What you will do ▸
Set down the data below word for word, and leave the images aside.

Supplied material ▸
──────

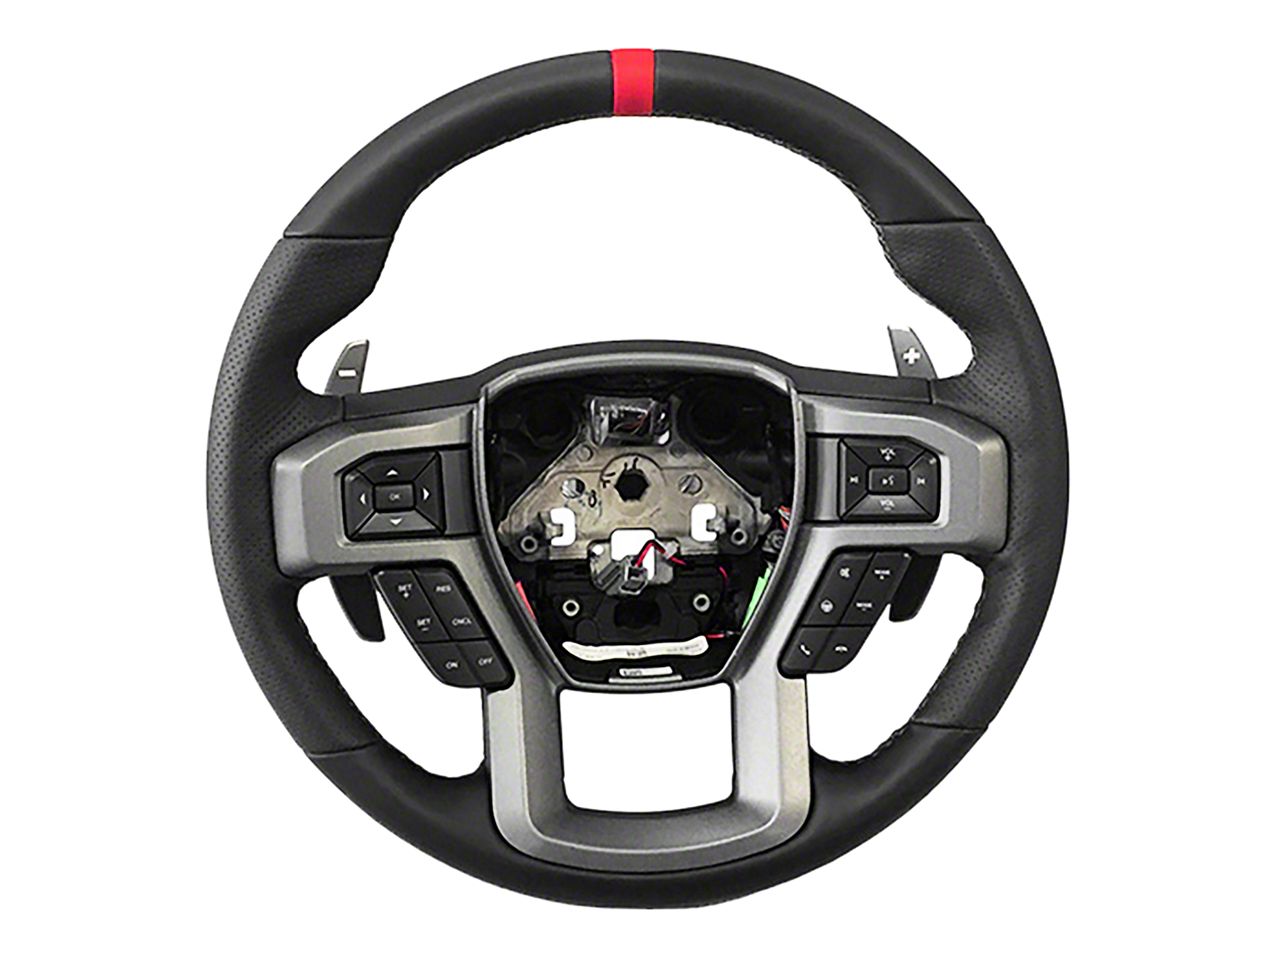 Ram 1500 Steering Wheels & Accessories 2009-2018
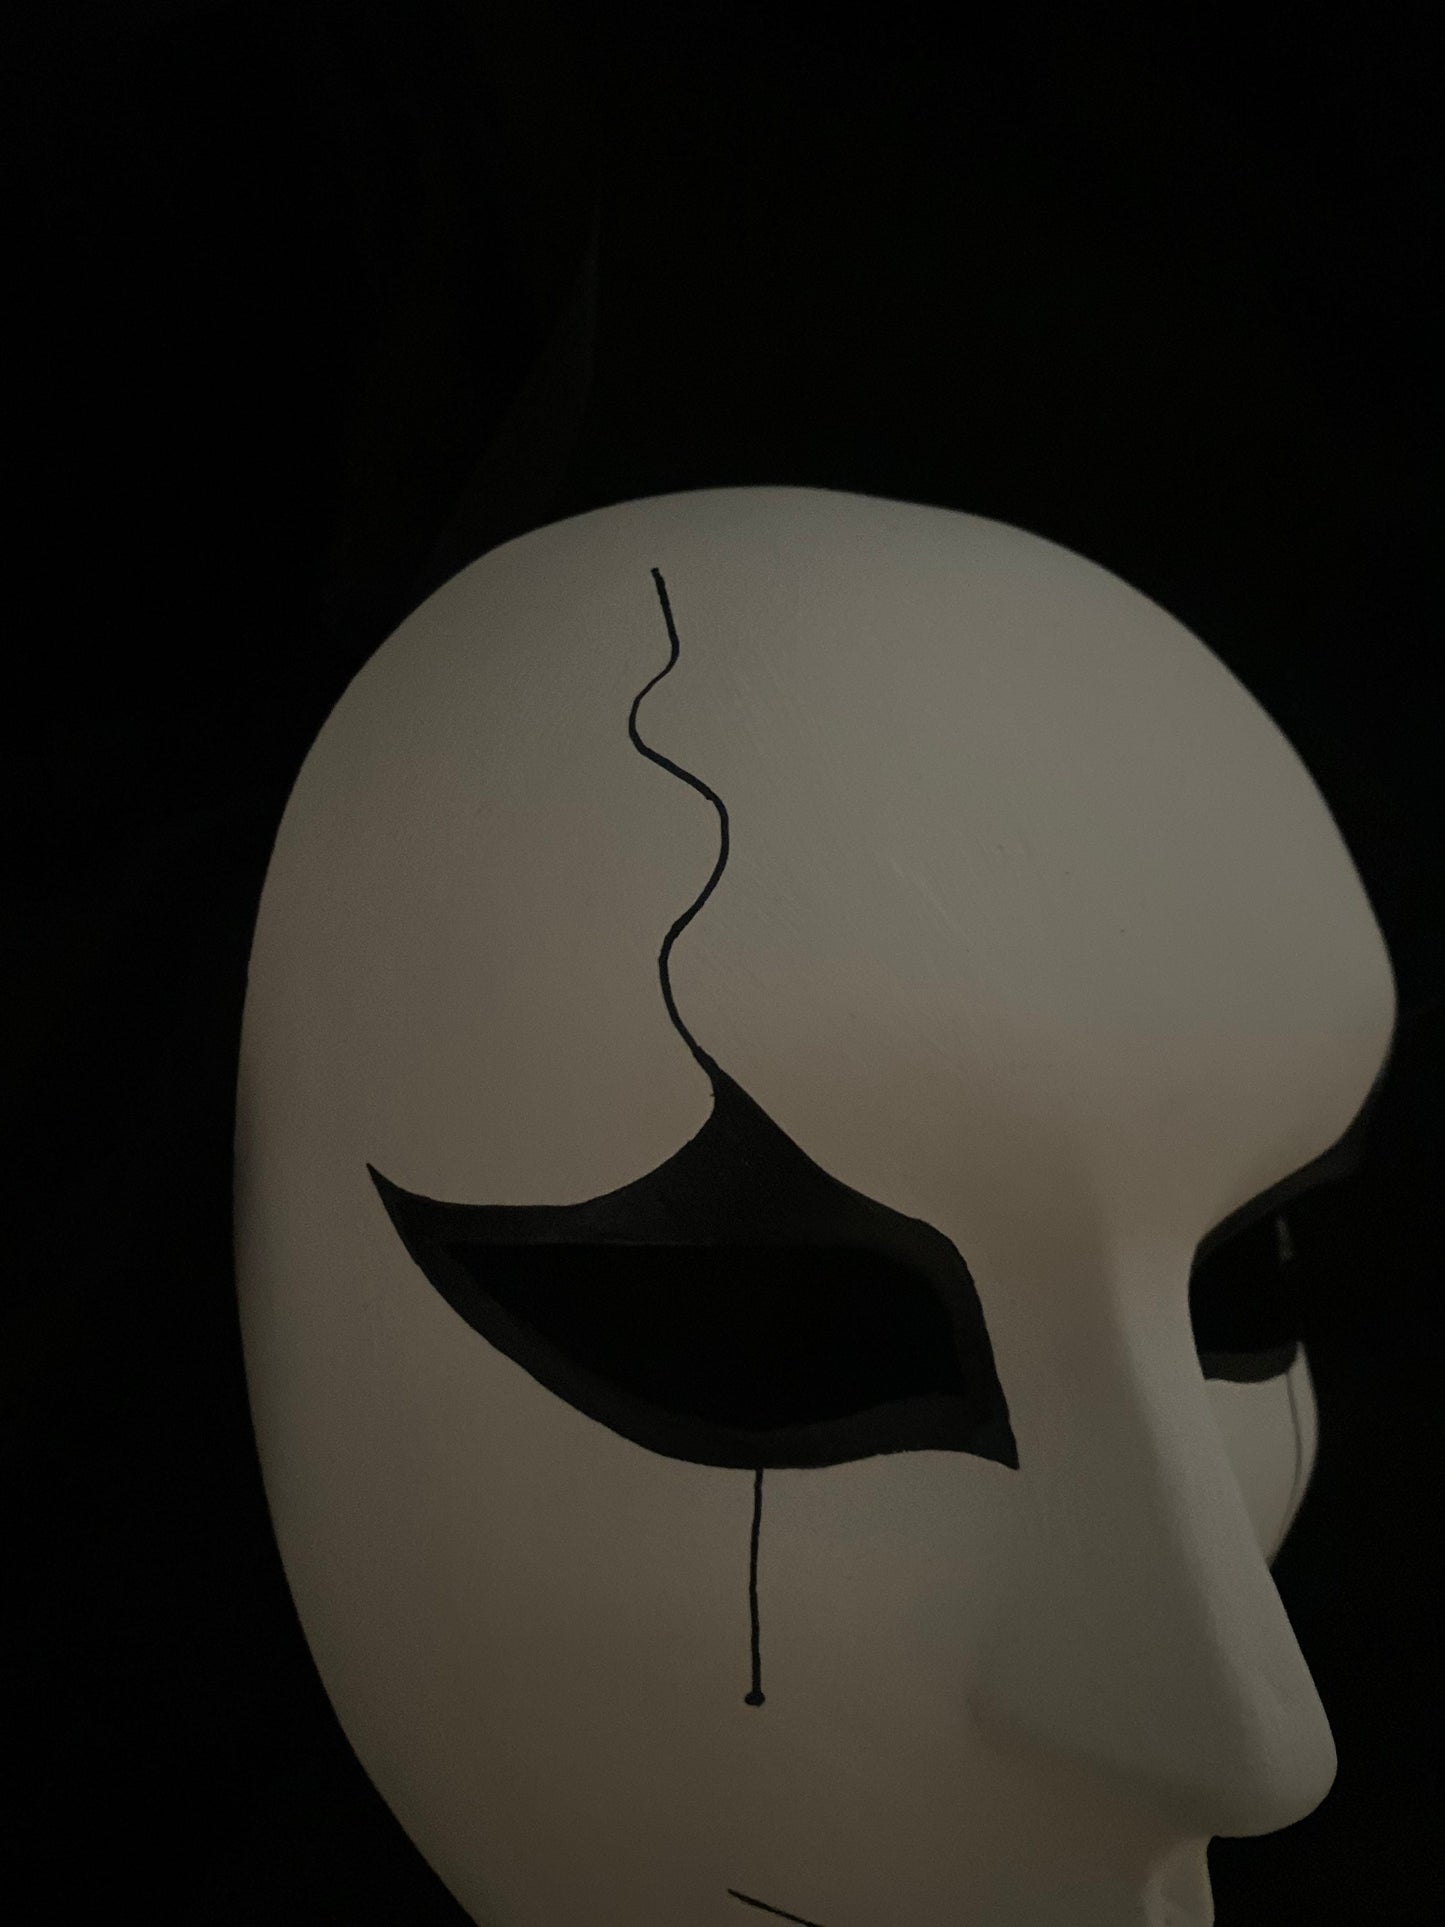 Edición limitada Cara de Pierrot Máscara veneciana original hecha a mano Ideal para fiesta de Halloween Máscara de Pierrot única: Expresión única
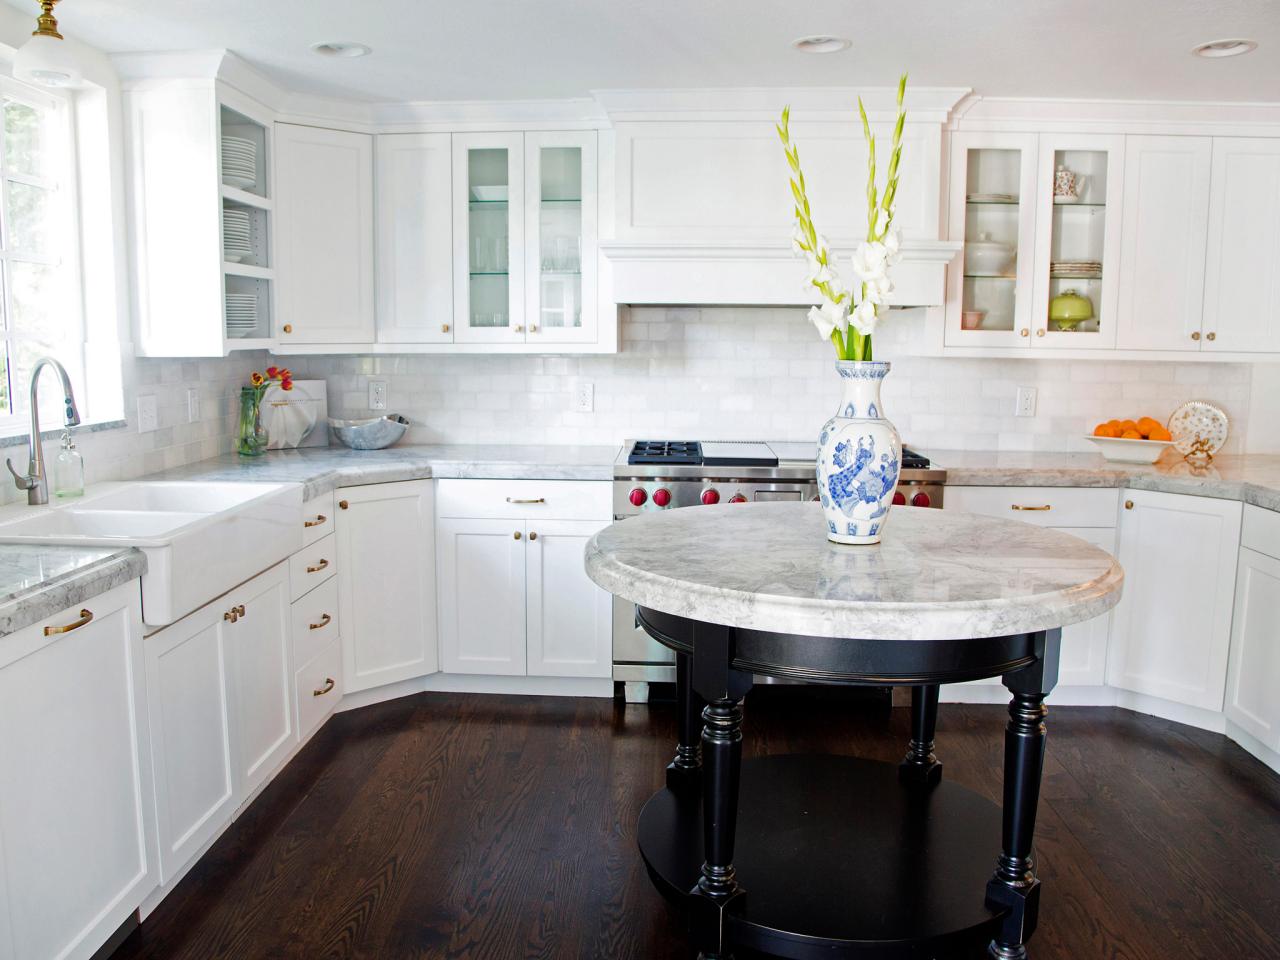 40+ Best Kitchen Cabinet Design Ideas | Architecture Ideas

──────

Answer area ▸
 Ram 1500 Steering Wheels & Accessories 2009-2018
 Edición limitada Cara de Pierrot Máscara veneciana original hecha a mano Ideal para fiesta de Halloween Máscara de Pierrot única: Expresión única
 40+ Best Kitchen Cabinet Design Ideas | Architecture Ideas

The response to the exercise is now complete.